The Convenient Myth About China
Whenever African or Asian debt comes up in Western policy conversations, China appears reliably as the villain — the debt-trap diplomat, the predatory lender dangling infrastructure loans to seize ports. It makes for a clean narrative. It also obscures the data. In Kenya, debts owed to multilateral lenders like the IMF and World Bank are nearly twice those owed to all bilateral creditors combined. In Sri Lanka, the debt crisis was primarily driven by high-interest sovereign bonds sold to Western private investors — not Chinese banks. The 2023 expert consensus, per the Associated Press, was that Chinese lending was “far too haphazard and sloppy” to constitute coordinated debt-trap strategy.
Blaming China for the Global South’s debt crisis is not analysis. It is a distraction — one that happens to serve the institutions whose lending model actually requires scrutiny.
So What Would Reform Actually Look Like?
Economists and civil society groups have been making the same arguments for decades, and they are worth repeating plainly. Voting reform at the IMF is essential — the current system, in which economic size determines voice, means the countries most affected by IMF decisions have the least power to shape them. The surcharge mechanism — which charges already-distressed countries extra interest when they borrow heavily — should be abolished; it is indefensible. Debt sustainability analyses need independent oversight rather than being conducted by the same institution that profits from continued lending. And conditions tied to loans need human rights impact assessments before implementation, not after people are already dying in the streets.

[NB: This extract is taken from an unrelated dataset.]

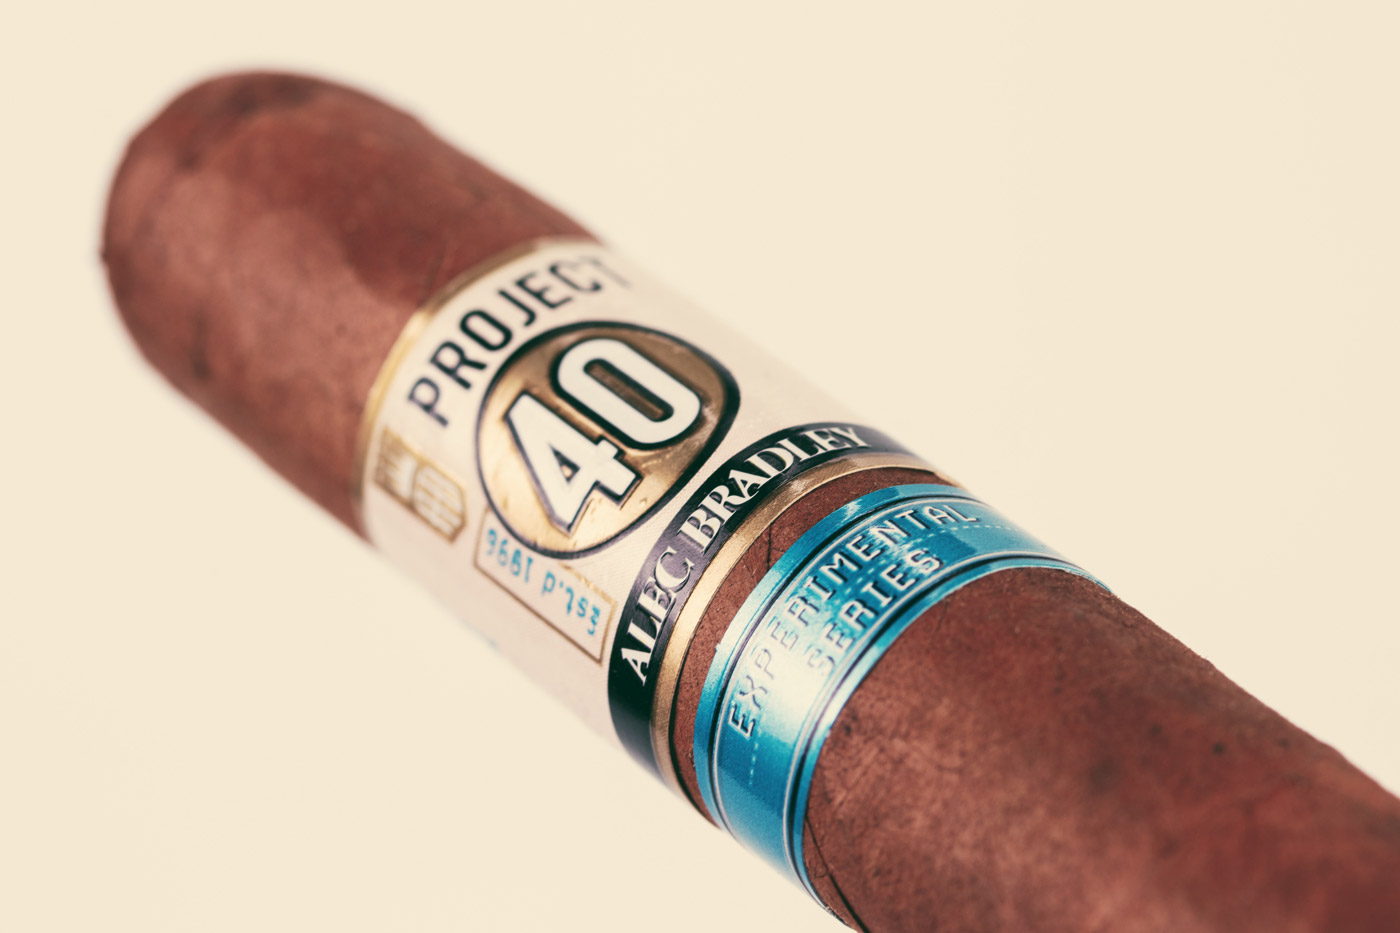 Alec Bradley Project 40 Robusto cigar review

None of this is radical. All of it is resisted.
Thomas Sankara called debt a weapon of recolonization in 1987. He was right, and he was killed. Four decades later, young people in Nairobi marched through tear gas carrying signs that said the same thing — in English, for a global audience that was watching on their phones. That the IMF’s response was to approve another disbursement and call the economy resilient tells you everything you need to know about who the institution is actually designed to serve.
The lender of last resort, it turns out, is not interested in being the lender of only once.